● **Task statement**: The answer must reproduce the listing exactly, with every picture left out.

───── Exercise data

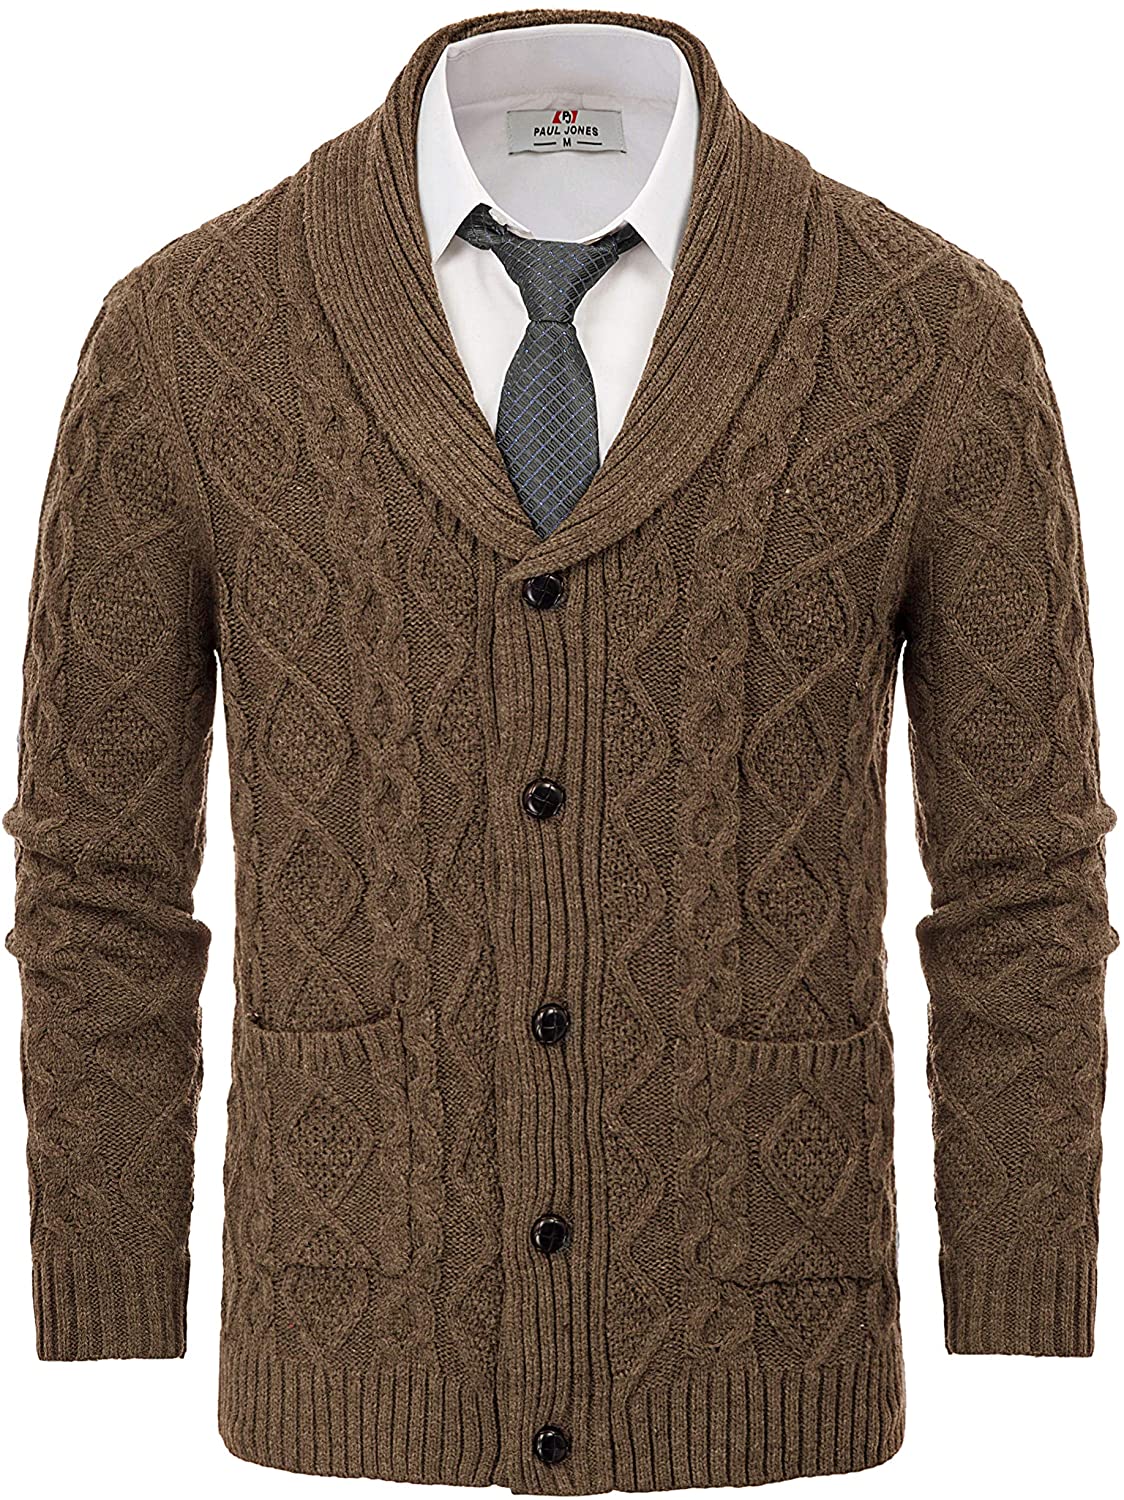 PJ PAUL JONES Mens Cardigan Sweater Shawl Collar Button Down Knitwear 
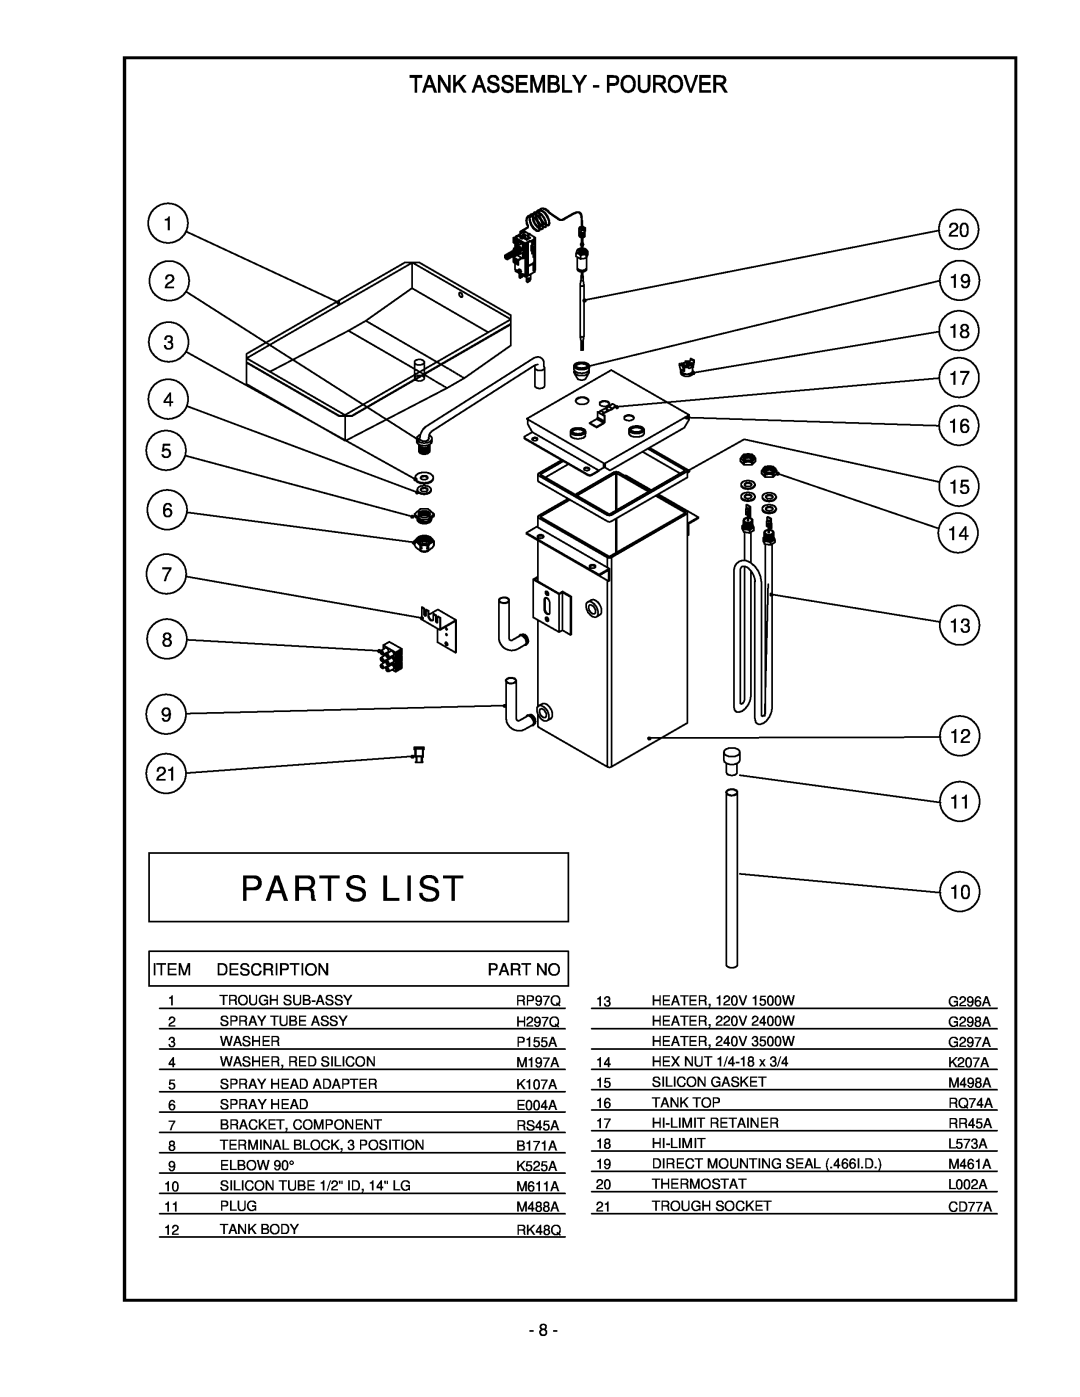 Cecilware 2000 manual Parts List, 1 2 3 4 5 6 7 8, 20 19 18 17 16 15, Description 
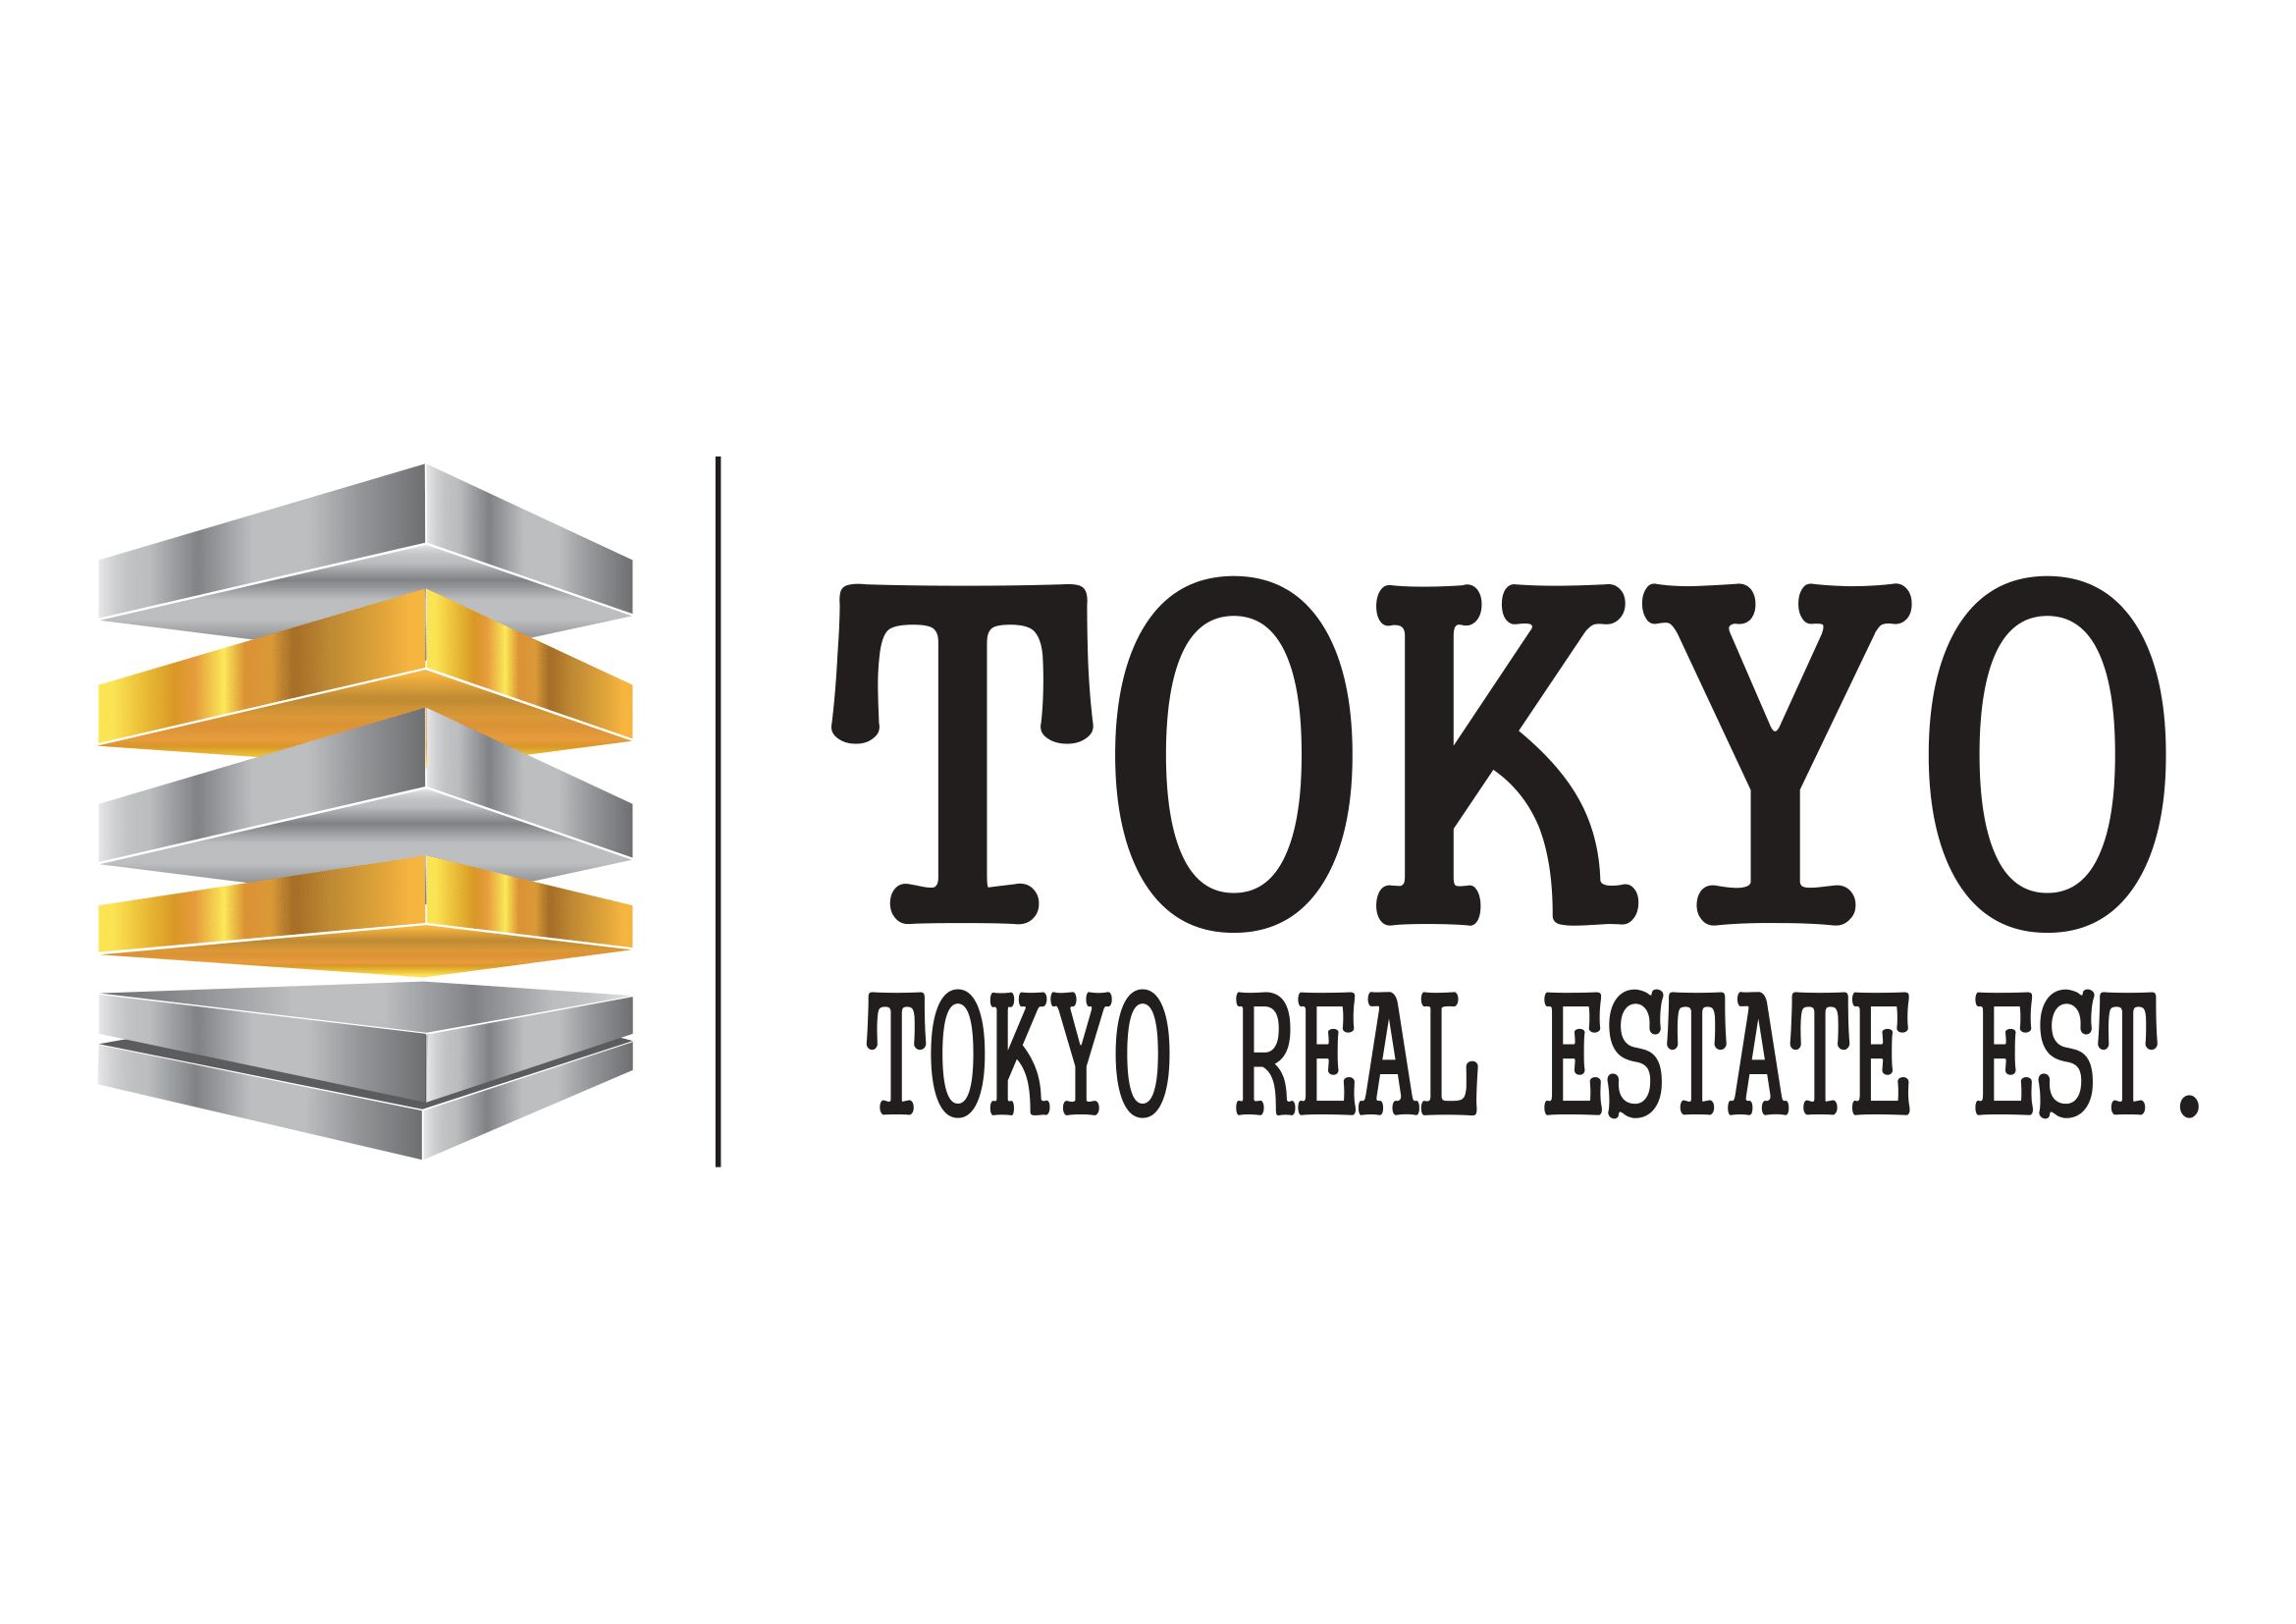 Tokyorealestate
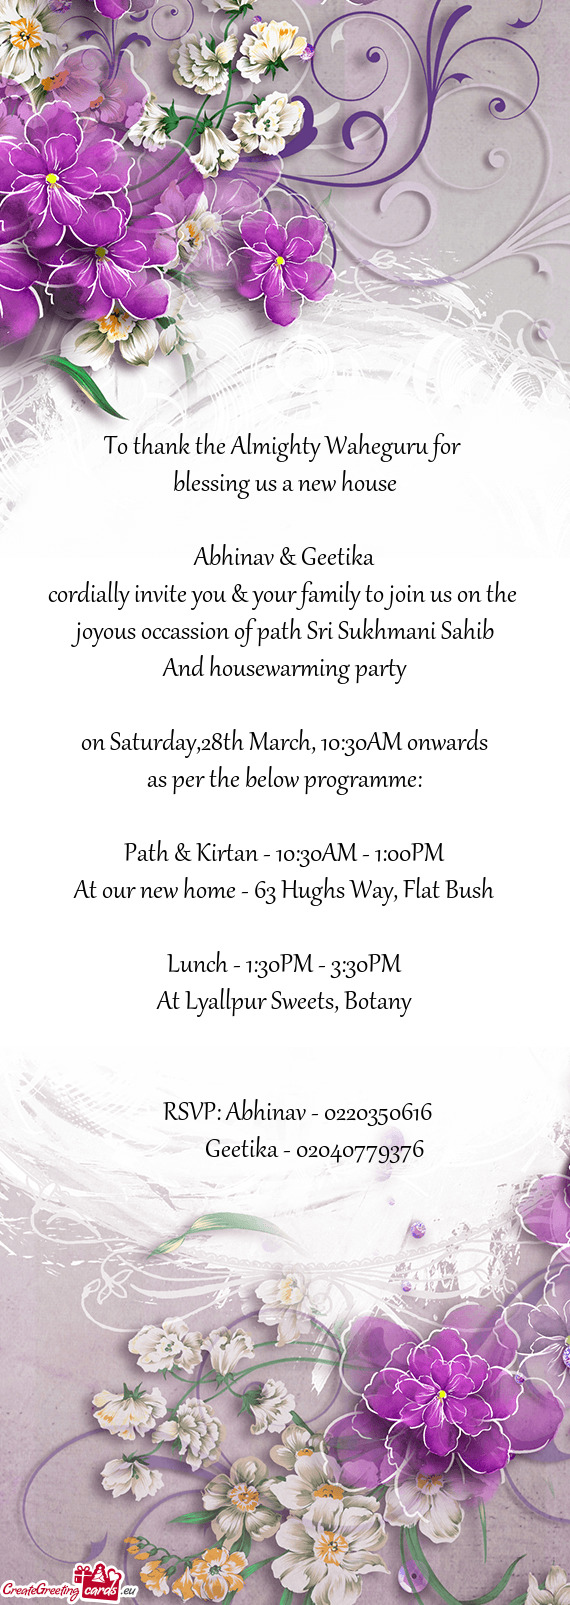 sukhmani sahib path invitation template

──────────

● **Solution**:
 PJ PAUL JONES Mens Cardigan Sweater Shawl Collar Button Down Knitwear 
 Cecilware 2000 manual Parts List, 1 2 3 4 5 6 7 8, 20 19 18 17 16 15, Description 
 Tokyorealestate
 sukhmani sahib path invitation template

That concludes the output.